Sluka J P, Horvath S J, Bruist M F, Simon M I, Dervan P B
Division of Chemistry and Chemical Engineering, California Institute of Technology, Pasadena 91125.
Science. 1987 Nov 20;238(4830):1129-32. doi: 10.1126/science.3120311.

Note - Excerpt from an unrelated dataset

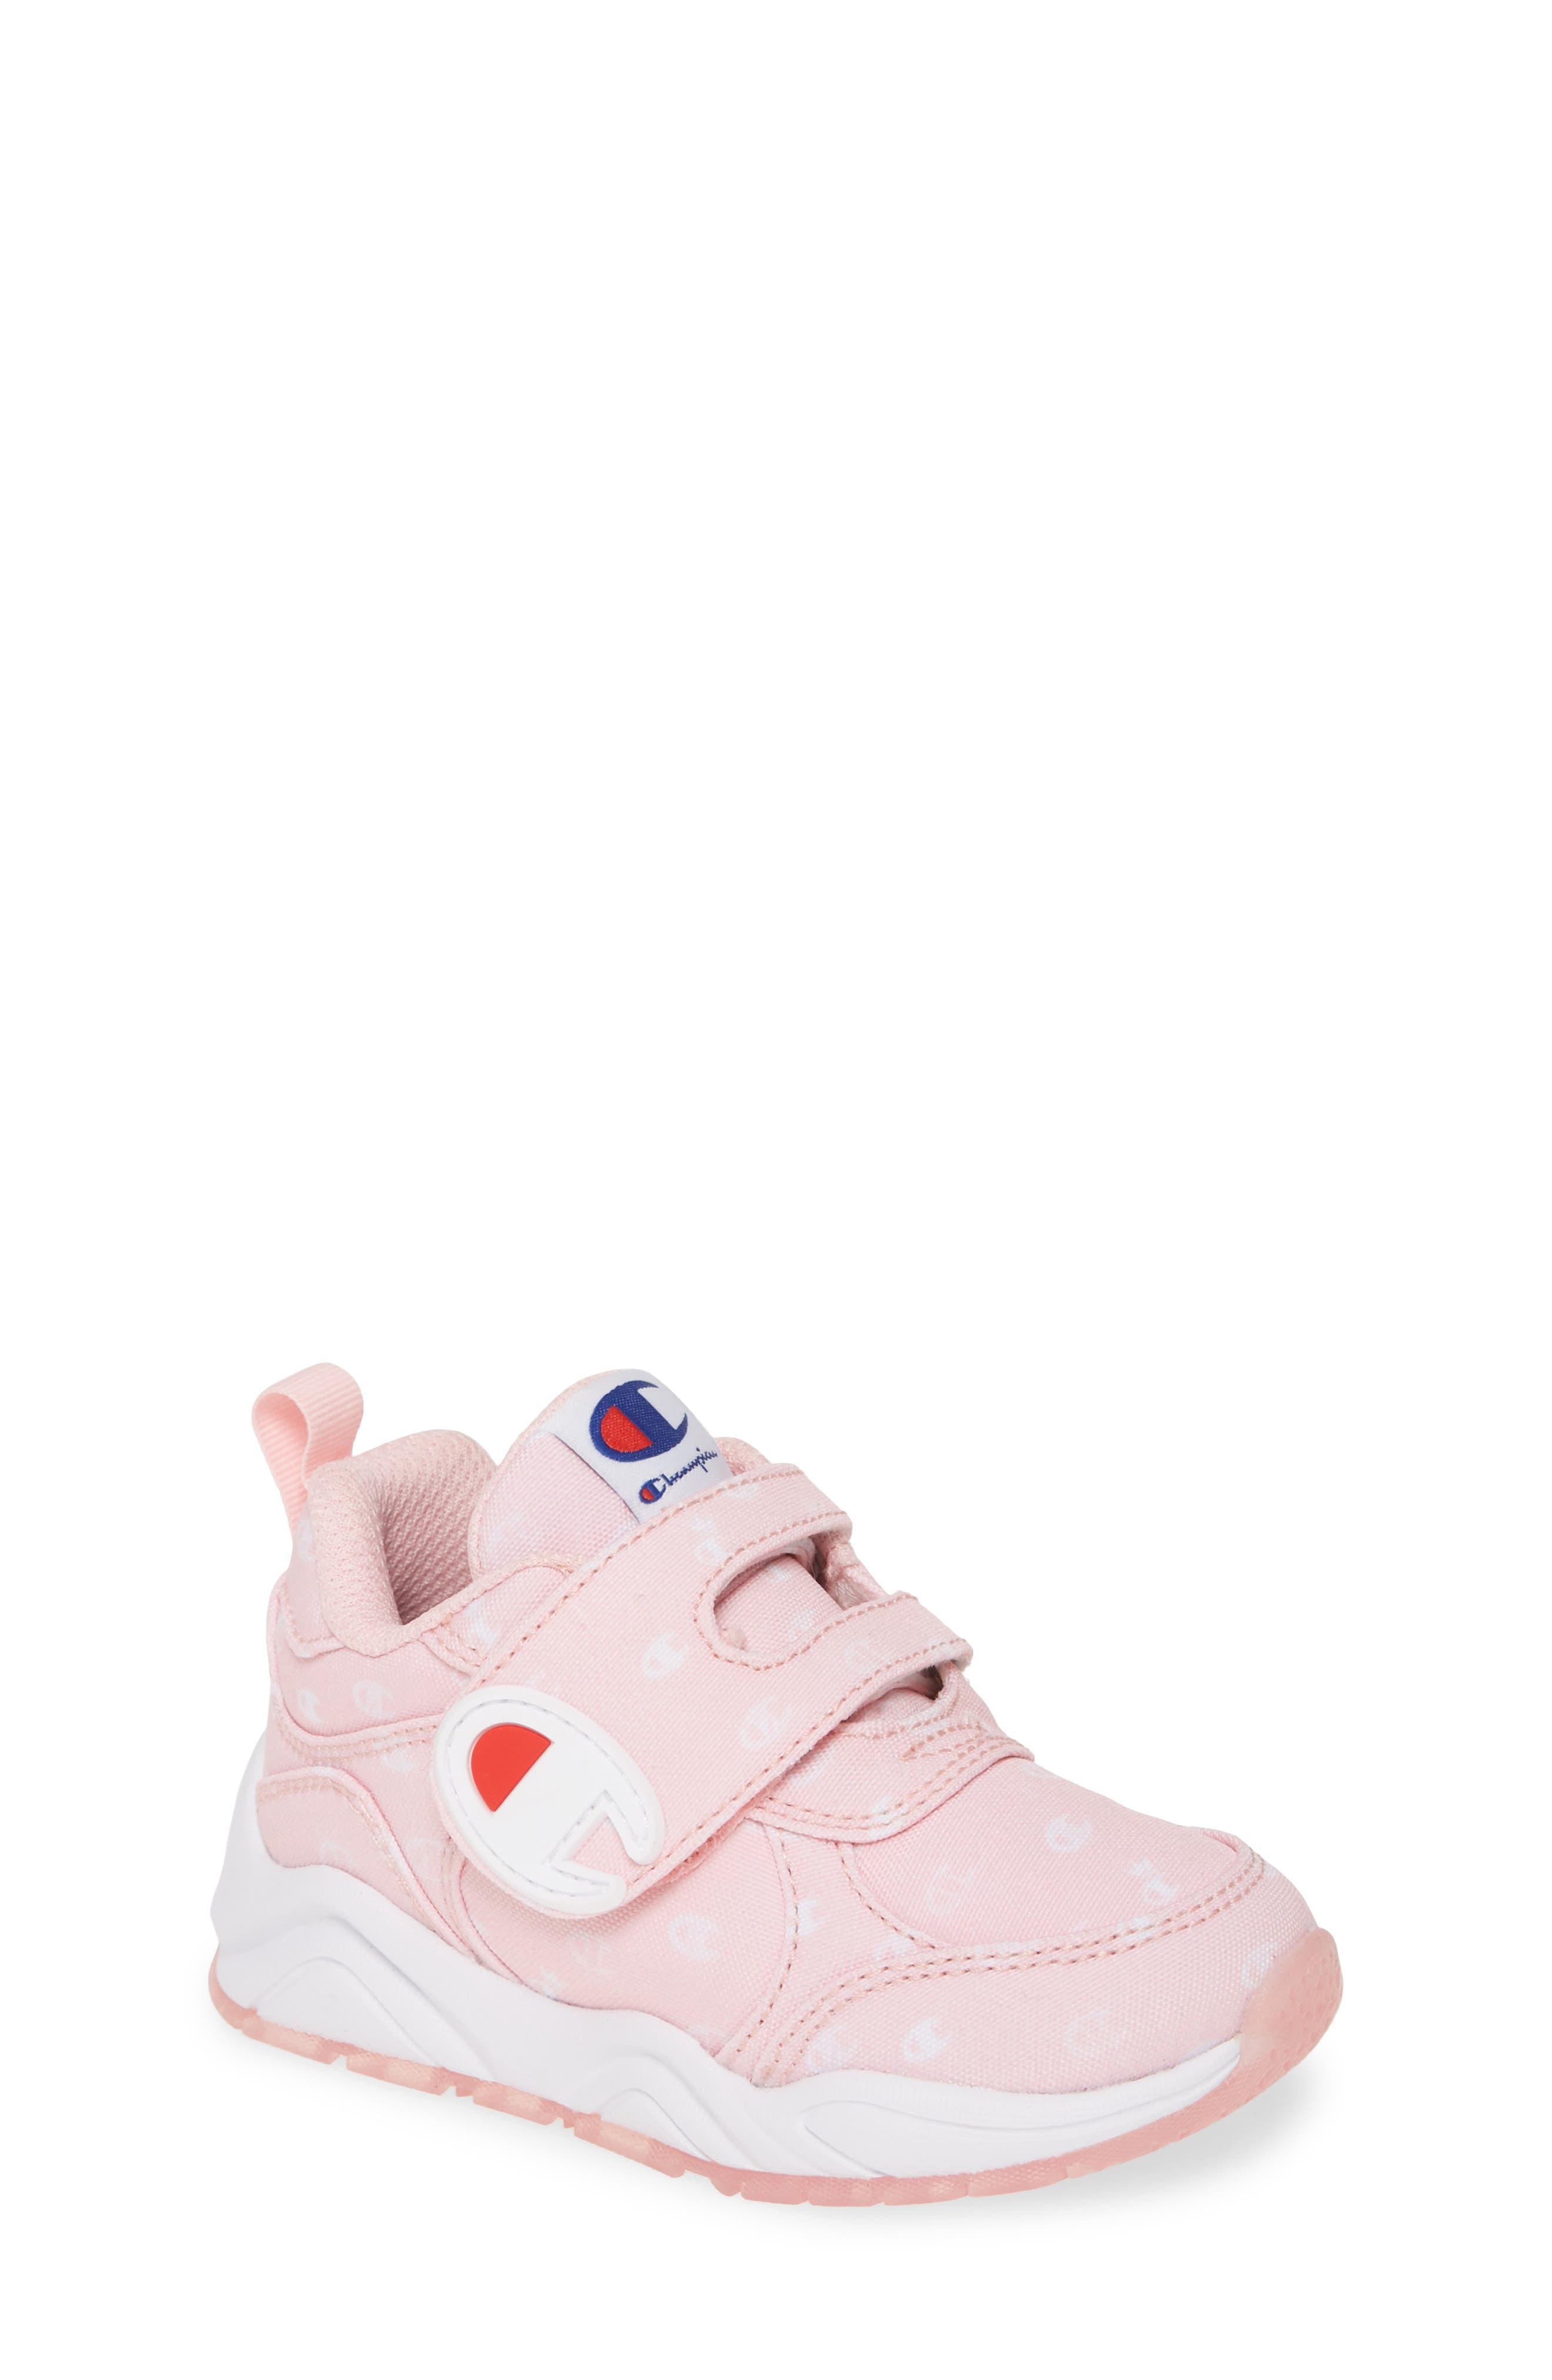 Toddler Girls Champion 93Eighteen Queen C Sneaker Size 5 M  Pink

A synthetic 52-residue peptide based on the sequence-specific DNA-binding domain of Hin recombinase (139-190) has been equipped with ethylenediaminetetraacetic acid (EDTA) at the amino terminus. In the presence of Fe(II), this synthetic EDTA-peptide cleaves DNA at Hin recombination sites. The cleavage data reveal that the amino terminus of Hin(139-190) is bound in the minor groove of DNA near the symmetry axis of Hin recombination sites. This work demonstrates the construction of a hybrid peptide combining two functional domains: sequence-specific DNA binding and DNA cleavage.
一种基于Hin重组酶(139 - 190)序列特异性DNA结合结构域的52个残基的合成肽,在其氨基末端连接了乙二胺四乙酸(EDTA)。在Fe(II)存在的情况下,这种合成的EDTA肽在Hin重组位点切割DNA。切割数据表明,Hin(139 - 190)的氨基末端结合在Hin重组位点对称轴附近DNA的小沟中。这项工作展示了一种结合两个功能域的杂合肽的构建:序列特异性DNA结合和DNA切割。